Use digital tools: Trusted financial institutions offer credit and identity monitoring, including alerts to inform you when your data is exposed in a data breach or on the dark web.

Online deals that are too good to be true

When shopping online or on social media, buy only from trusted websites and vendors. If purchasing on a marketplace, stay on the platform to complete transactions and communicate with sellers, as protections often only apply when you use the platform.

Use payment methods that offer buyer protection. Never send money to strangers, particularly via payment-transfer apps like Zelle or Venmo, for purchases, especially when you can’t confirm the goods exist.
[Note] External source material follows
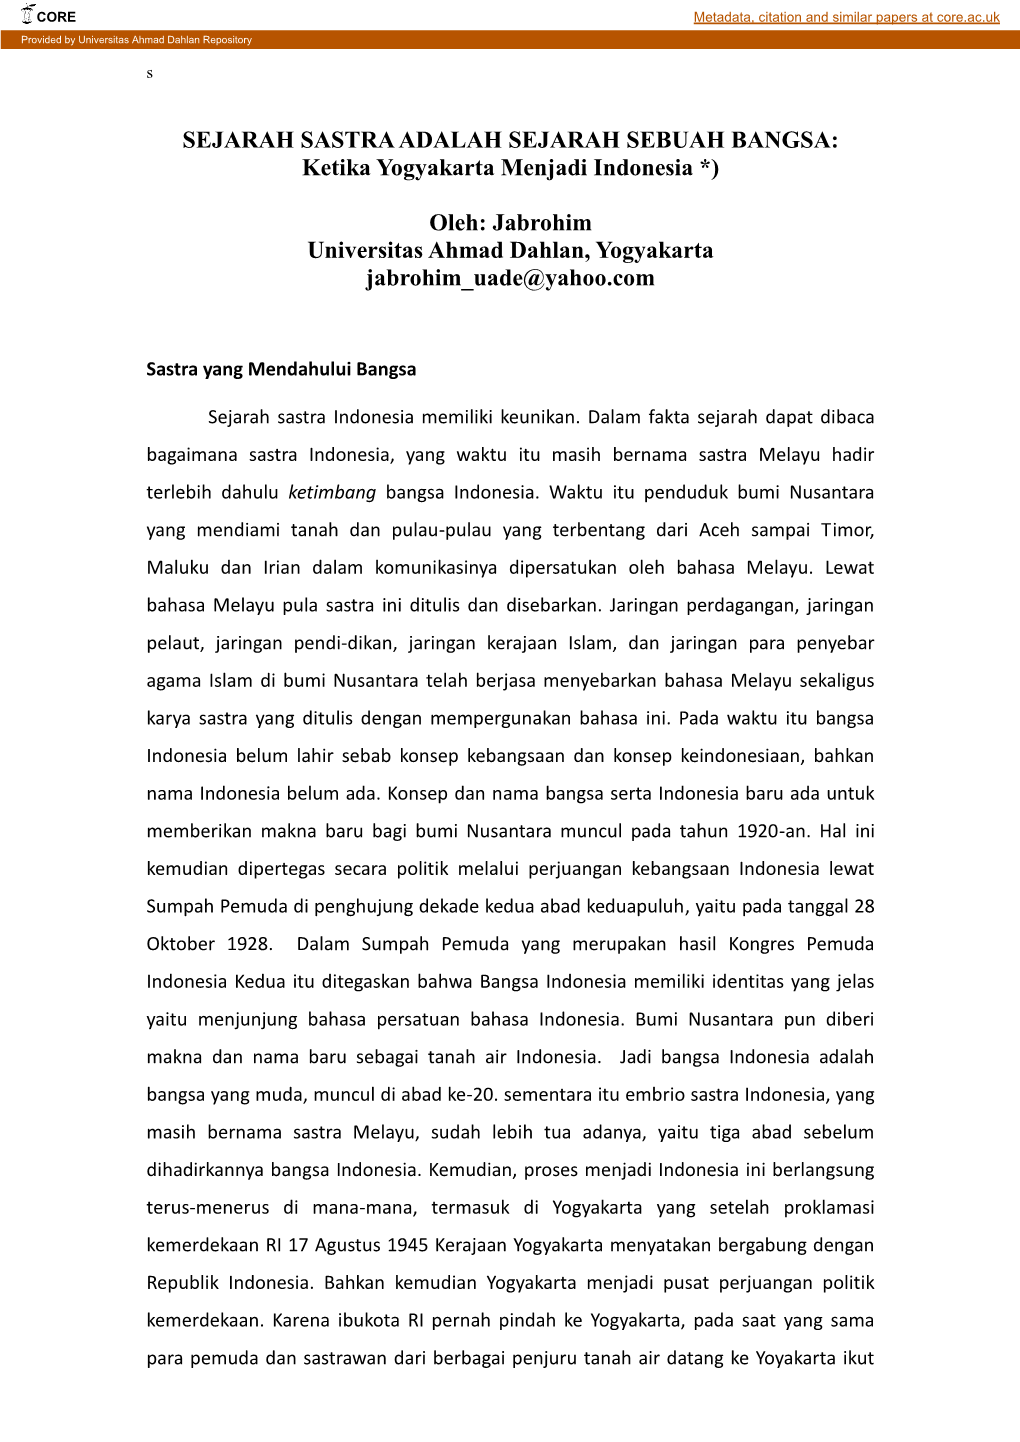 SEJARAH SASTRA ADALAH SEJARAH SEBUAH BANGSA: Ketika Yogyakarta Menjadi Indonesia *)

Missed packages or problems with delivery

Expecting a package? Be cautious of phishing messages through email or text message that impersonate delivery services, like the U.S. Postal Service, UPS or FedEx, with links to view “missed deliveries.”
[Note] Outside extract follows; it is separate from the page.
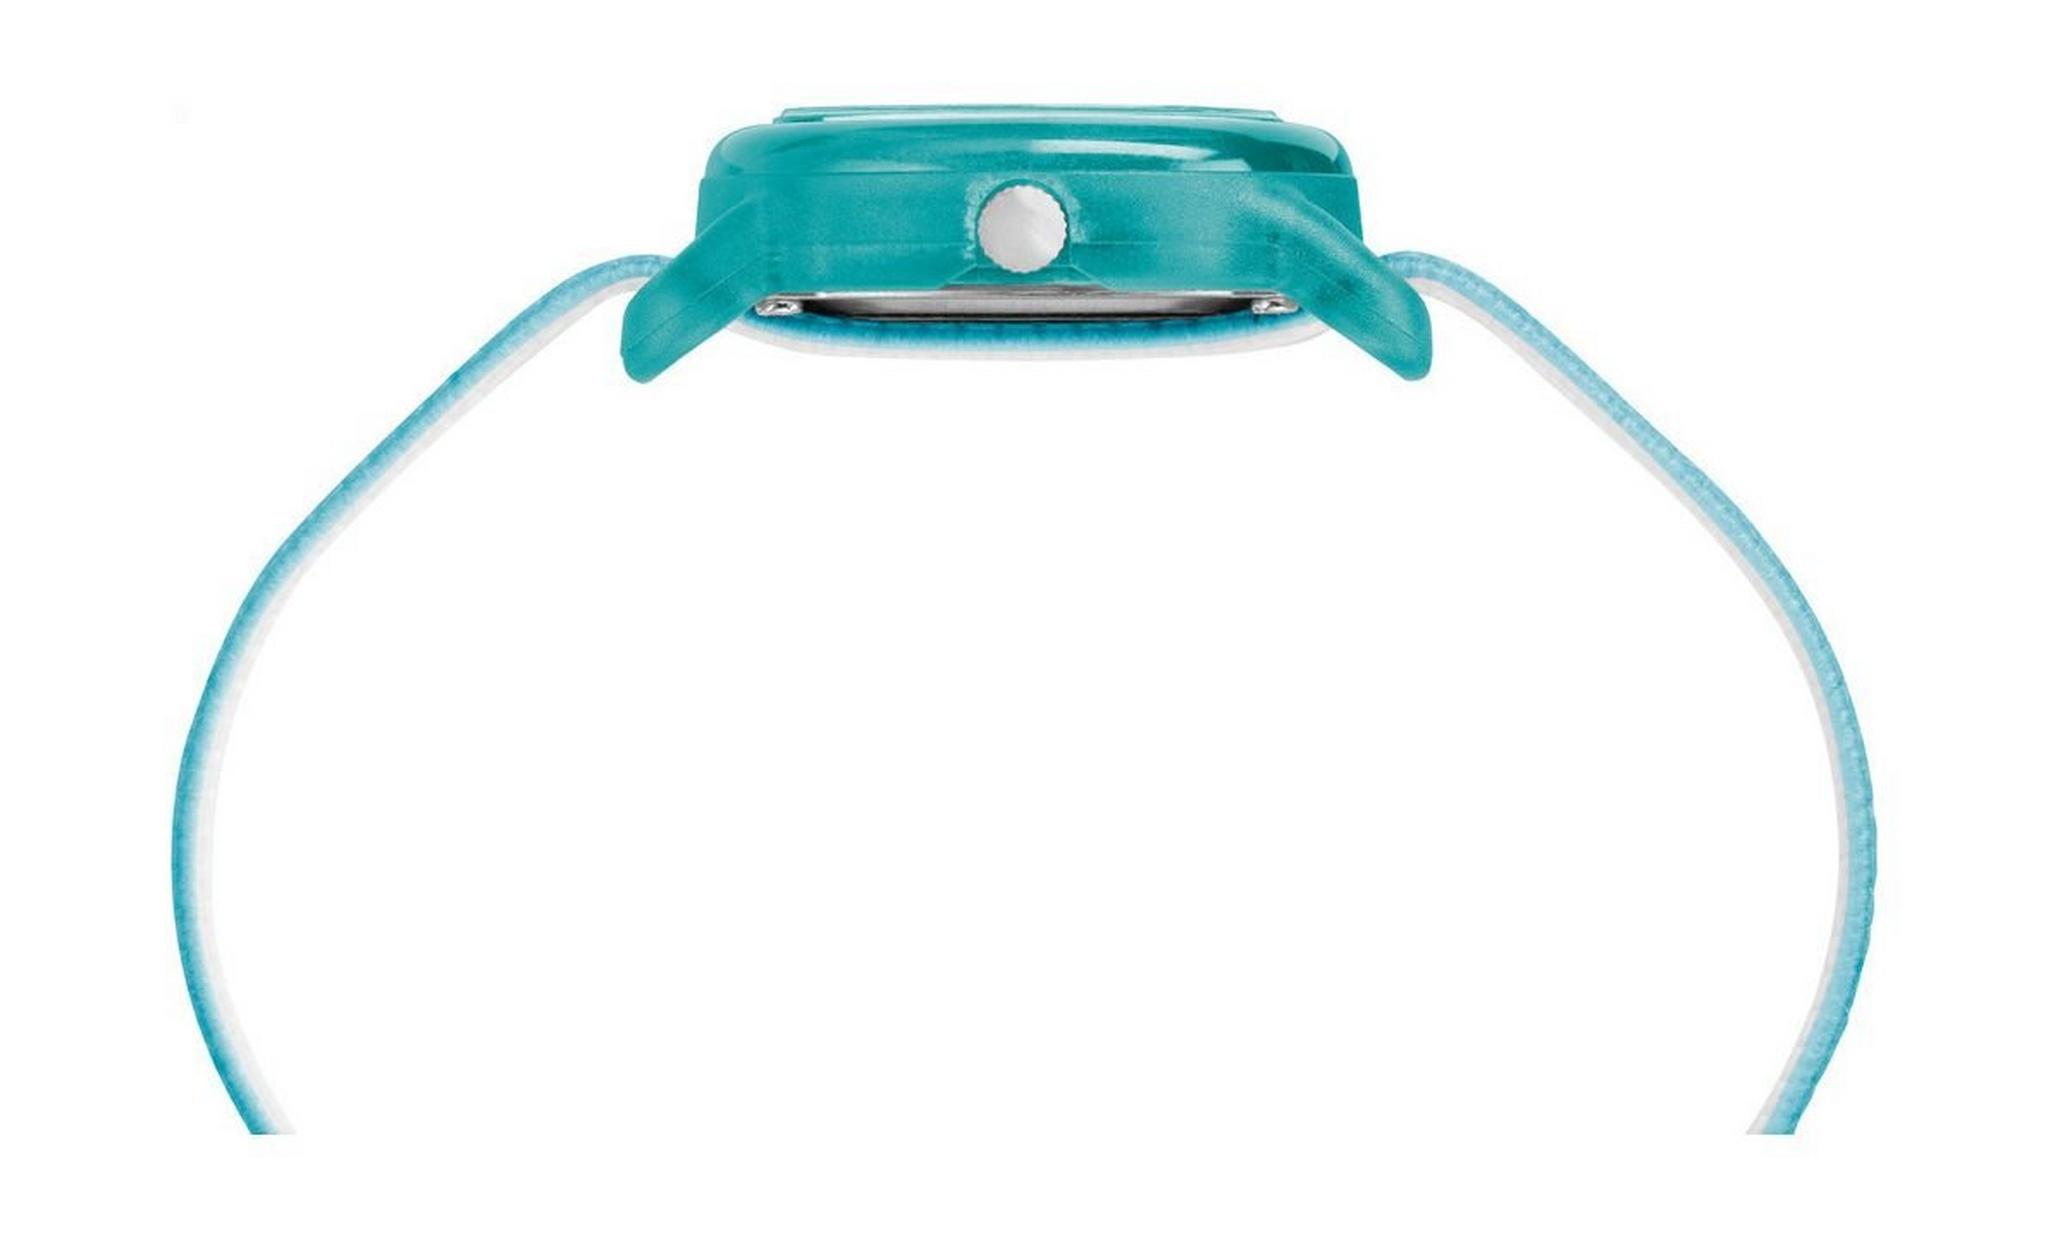 ساعة تايمكس يوث للأطفال بعرض تناظري كوارتز وحزام قماشي مطاطي – أزرق (TW7C13700)

These links may lead to fake sign-in pages to capture your actual password or to malware-infected sites.

Do not respond to messages requesting personal or financial information, including money or cryptocurrency. Be wary of unexpected packages and avoid scanning QR codes, as they may be attempts to steal your information.
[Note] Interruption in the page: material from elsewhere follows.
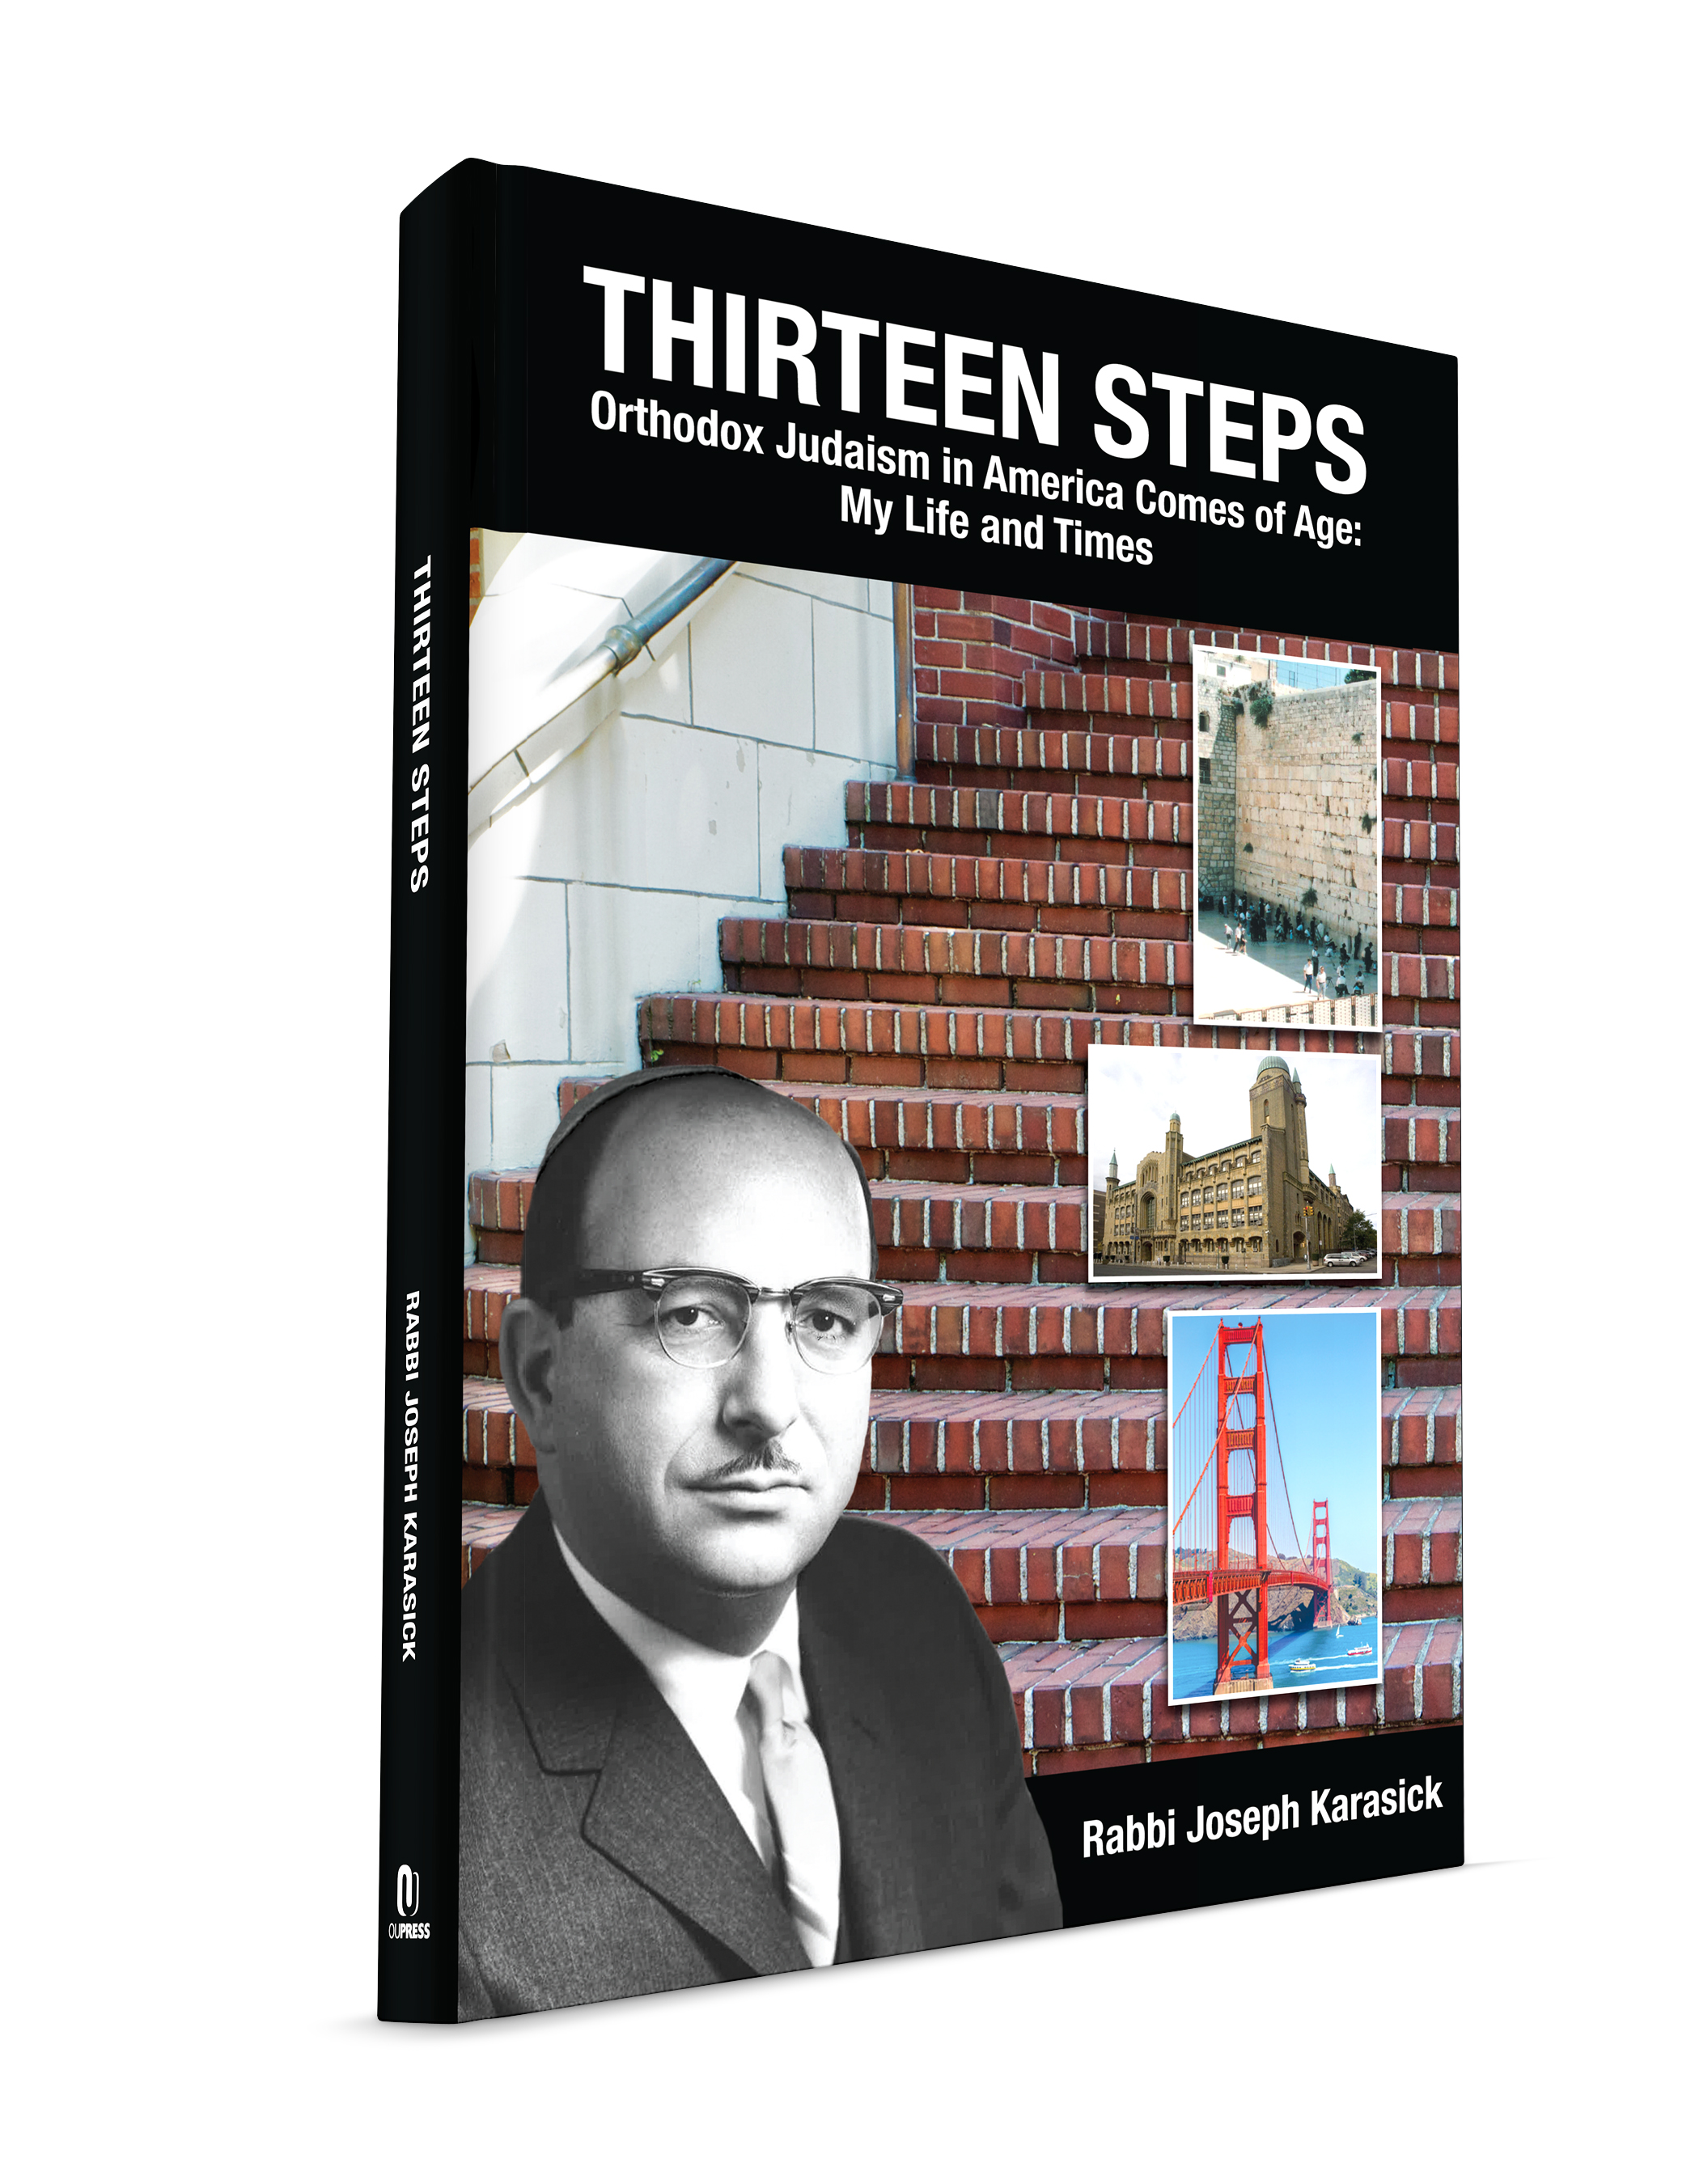 13 steps

Scams: Fake refunds, quishing, phishing/smishing, whaling

Refund scams: Another scam doesn’t demand payment. Instead, it dangles a refund, sometimes via text messages posing as official messages from “Department of Taxation,” urging recipients to “click here to claim your refund.” The texts look legitimate at a glance, but they are designed to lure you into tapping a fraudulent link and handing over personal information.

Cybersecurity experts are warning about scammers using QR codes to take advantage of unsuspecting victims. The practice called “quishing” uses a QR code that sends you to a dummy website to get your information — and money.

When it comes to phishing, the term is more widely known, but people are still falling for it. Phishing emails or texts (known as “smishing”) attempt to trick a recipient into clicking a suspicious link, filling out information or downloading a malware file.

Whaling attacks generally target leaders or other executives with access to large amounts of information at an organization or business. Whaling attacks can target people in payroll offices, human resources and financial offices as well as leadership.

Video below: An expert’s tips to avoid falling for QR code scams

Gift card scams

Be cautious about buying gift cards from third-party sites. Scammers will pre-save card details or sell expired cards.

Don’t respond to an unsolicited email or text message offering you a gift card because it’s often a way to track your online activity.

Don’t fall for scammers asking you to pay for services or goods using gift cards.

Video below: Guide to selling gift cards securely online

Phony charities

The holidays are also a season of giving, but before you donate money, double-check the contact and payment information for a charity.

Beware of text, email or phone call solicitations. Like any other unsolicited message, don’t click on links or open attachments because they may contain malware or try to steal your information.

Travel scams

Scammers try to mimic or impersonate popular travel websites by recreating familiar branding, logos or company verbiage.

As part of your travel research, do scam checks by looking up unfamiliar retail, travel and services websites by searching online for their names along with terms like “scam,” “complaints” or “reviews.”

Chase advises using a credit card to book travel so that if an issue arises, you can dispute it.

What to do if you fall victim to a scam

Video below: Steps to take immediately after falling for a scam

Stop communication: Discontinue all contact with the scammer immediately to prevent further damage.

Document everything: Take note of all relevant information, including the scammer’s contact details and any information that may be useful when reporting the incident.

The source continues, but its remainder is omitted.